Let's see the leetcode Find Pivot Index problem.

The problem is to find the leftmost pivot index of an array. The pivot index is the index where the sum of all the numbers strictly to the left of the index is equal to the sum of all the numbers strictly to the index's right.

For example, take array [1,7,3,6,5,6] as an example, the pivot index is 3, because, 1+7+3 === 5+6. Note that the pivot itself is not included.

This is a simple problem. All we need to do is iterate the array and get the sum of left and right, and then compare them.

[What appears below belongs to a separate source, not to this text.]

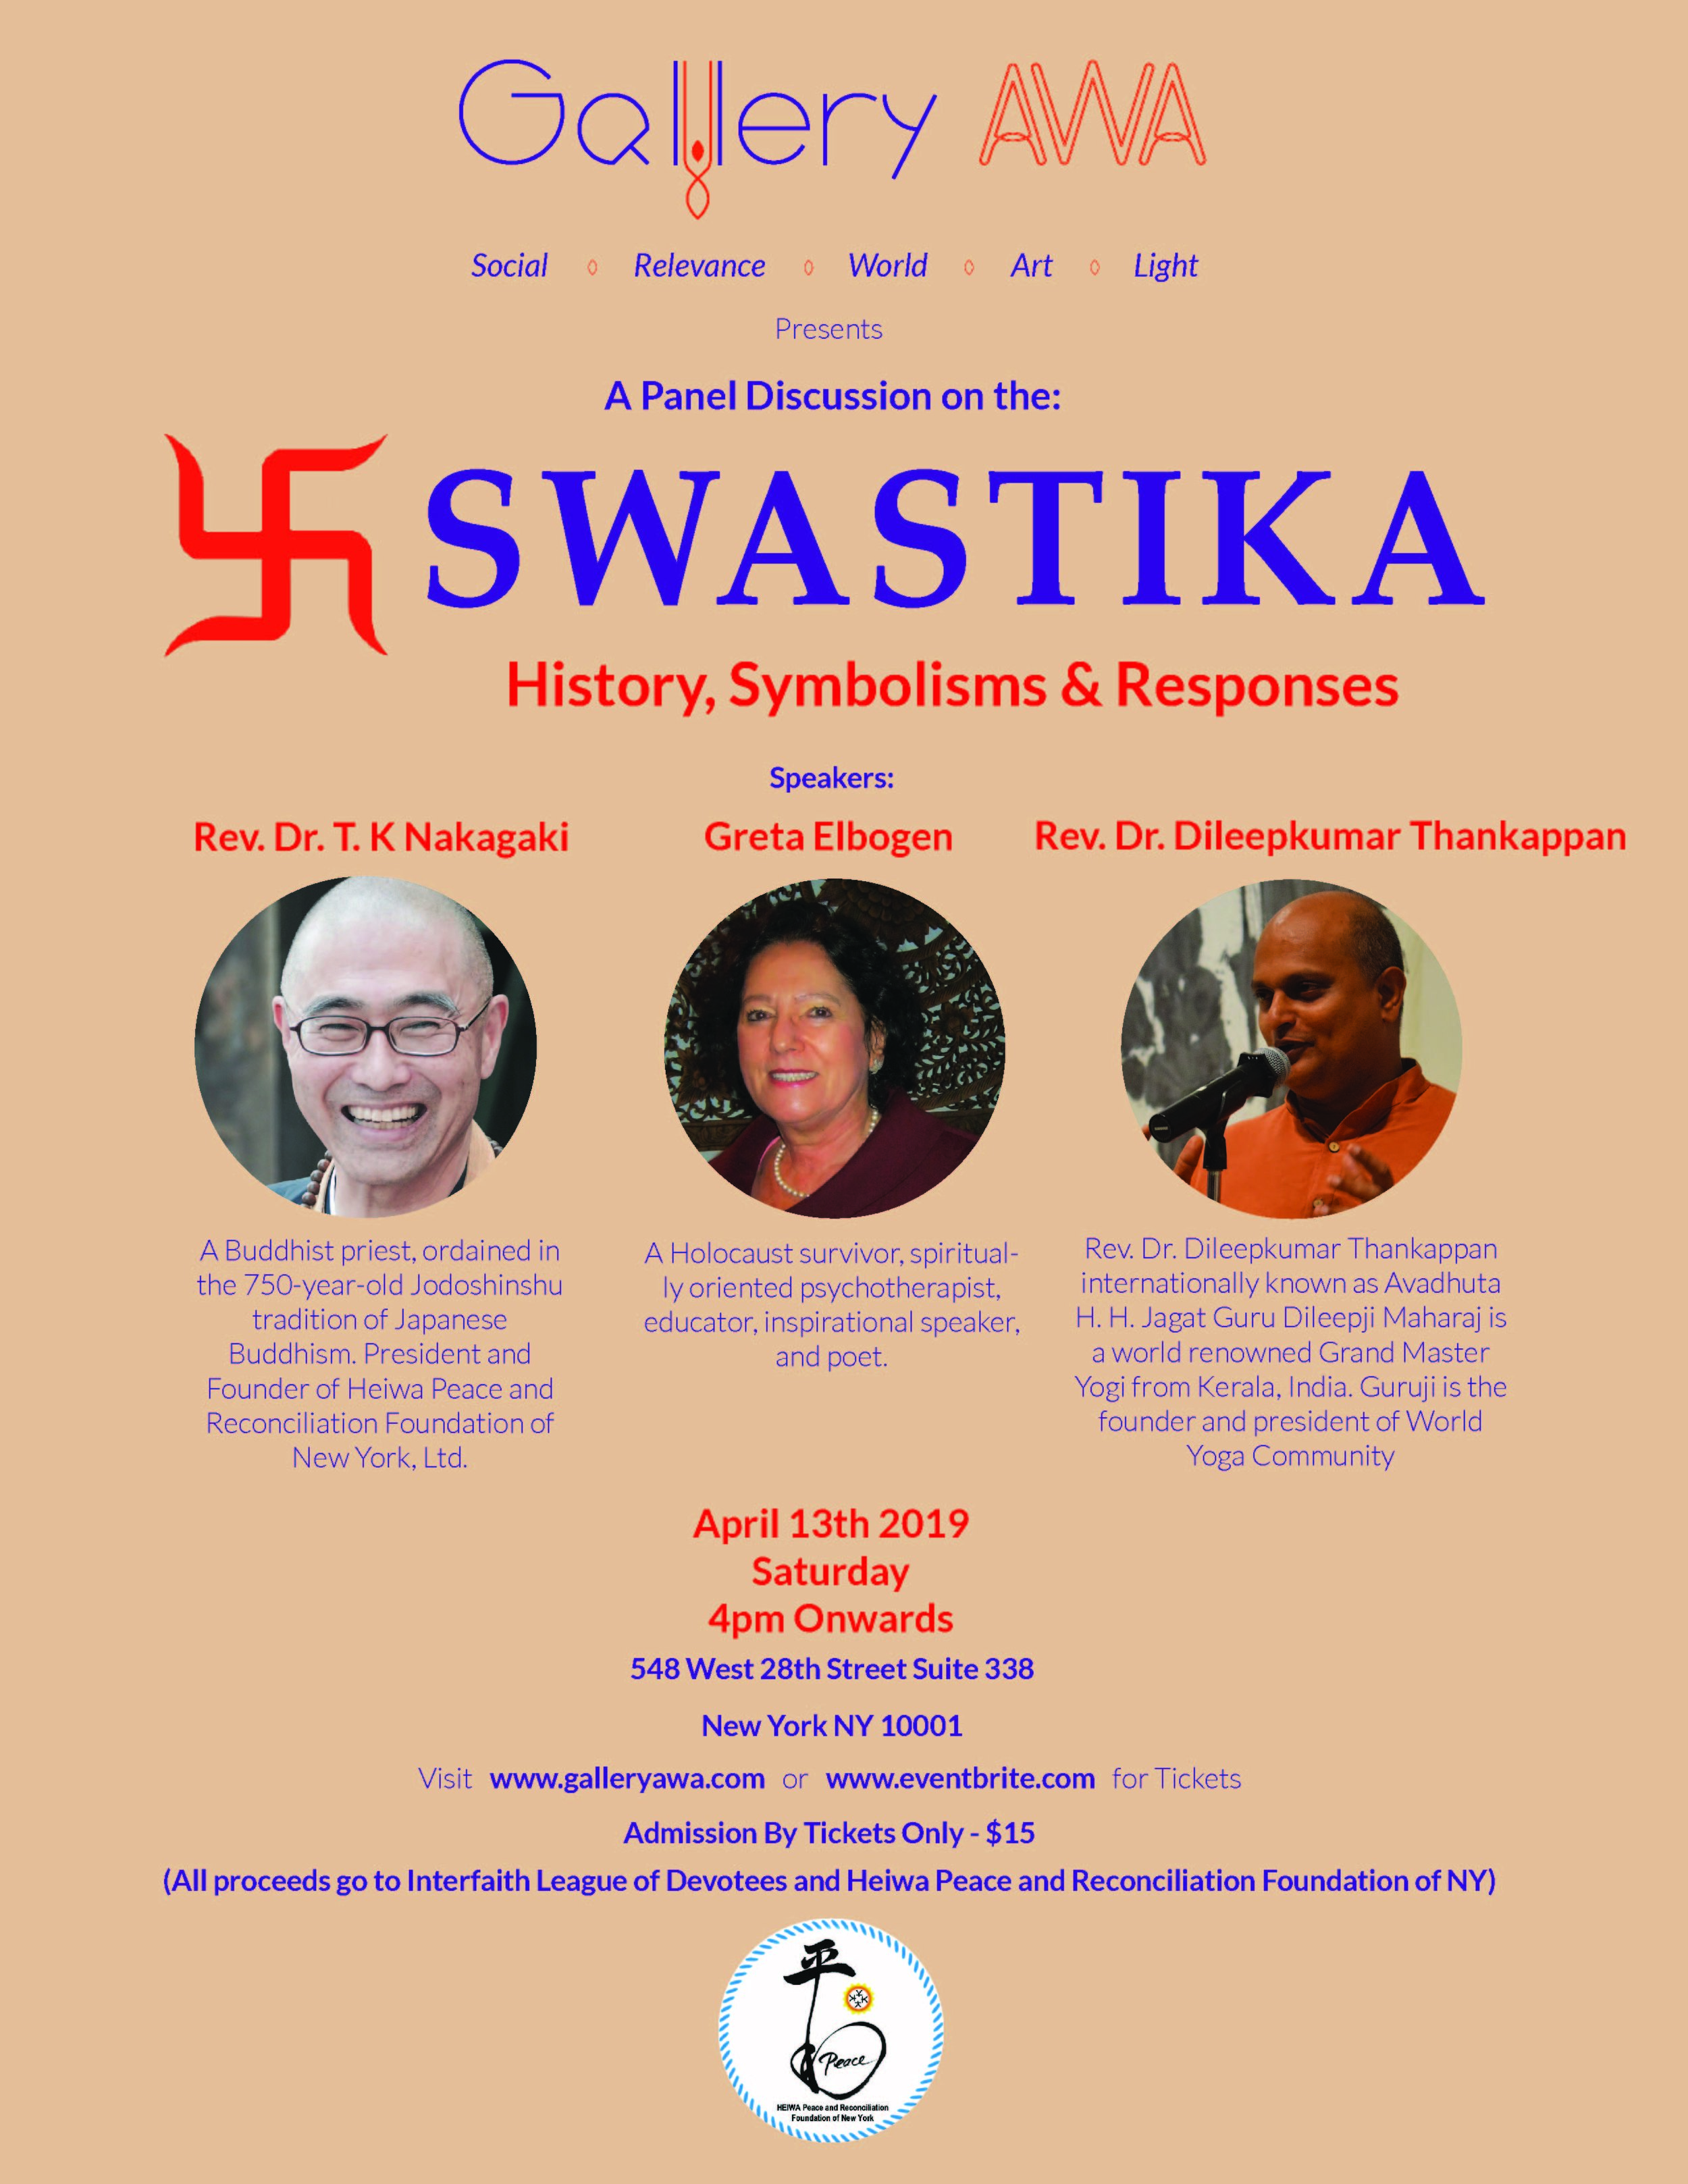 GalleryAWA-Swastika HSR-Poster-11APR19_1.jpg

function pivotIndex(nums: number[]): number {
    for (let i = 0; i < nums.length; i++) {
        let left = 0;
        for (let j = 0; j < i; j++) {
            left += nums[j];
        }

        let right = 0;
        for (let k = nums.length - 1; k > i; k--) {
            right += nums[k];
        }

        if (left === right) return i;
    }
    return -1;
};

As you can see, we need to do another 2 for loop inside the outer for loop. So time complexity is O(n^2).

Can we do better?

This is the time to know the comcept of prefix sum. Prefix sum is kind of cumulative sum of all the element seen while iterating an array.

Take [1,7,3,6,5,6] as an example, the prefix sum of it can be expressed as below.

[1,7,3,6,5,6]

prefix sum =>

[
    1,
    1+7,
    1+7+3,
    1+7+3+6,
    1+7+3+6+5,
    1+7+3+6+5+6,
]

As you can see, this process is very similiar to the process to get the pivot's left sum and right sum.

Take [1,7,3,6,5,6] as an example, we can get the prefix sum and suffix sum first, and then use it to get the pivot index.

[1,7,3,6,5,6]

prefix sum =>

[
    0,
    1,
    1+7,
    1+7+3,
    1+7+3+6,
    1+7+3+6+5,
]

suffix sum => 

[
    7+3+6+5+6,
    3+6+5+6,
    6+5+6,
    5+6,
    6,
    0,
]

Note that because the pivot's value is not included. so the above prefix sum is adjusted accordingly.

With these two array, we know the left sum and right sum for every index. All we need to do is to compare them.

function pivotIndex(nums: number[]): number {

    const left: number[] = [];
    const right: number[] = [];

    // one loop to create prefix sum array and suffix sum array
    for (let i = 0; i < nums.length; i++) {
        const li = i;
        const ri = nums.length - i - 1;

        if (i === 0) {
            left[li] = 0;
            right[ri] = 0;
        } else {
            left[li] = left[li - 1] + nums[li - 1];
            right[ri] = right[ri + 1] + nums[ri + 1];
        }
    }

    // another loop to compare
    for (let i = 0; i < nums.length; i++) {
        if (left[i] === right[i]) {
            return i;
        }
    }

    return -1;
}

So with prefix sum, we make the complexity become O(n).

But as you can see, we need to use two array to store the prefix and suffix sum resutls. So space complexity is also O(n).

Actually, in this problem, we can just use 2 varibable to store the current prefix sum and suffix sum. And updating and comparing these 2 variables while looping.

function pivotIndex(nums: number[]): number {
    // suffix sum start from sum of all elements
    let right = nums.reduce((pre, cur) => pre + cur);
    // prefix sum start from 0
    let left = 0;

    /**
     * While iterating,
     * suffix sum delete left element one at a time
     * then, this is the corrent comparing time
     * prefix sum add left element one at a time
     */
    for (let i = 0; i < nums.length; i++) {
        right -= nums[i];
        if (left === right) return i;
        left += nums[i];
    }

    return -1;
};

We this small trick, the space comlexity becomes O(1).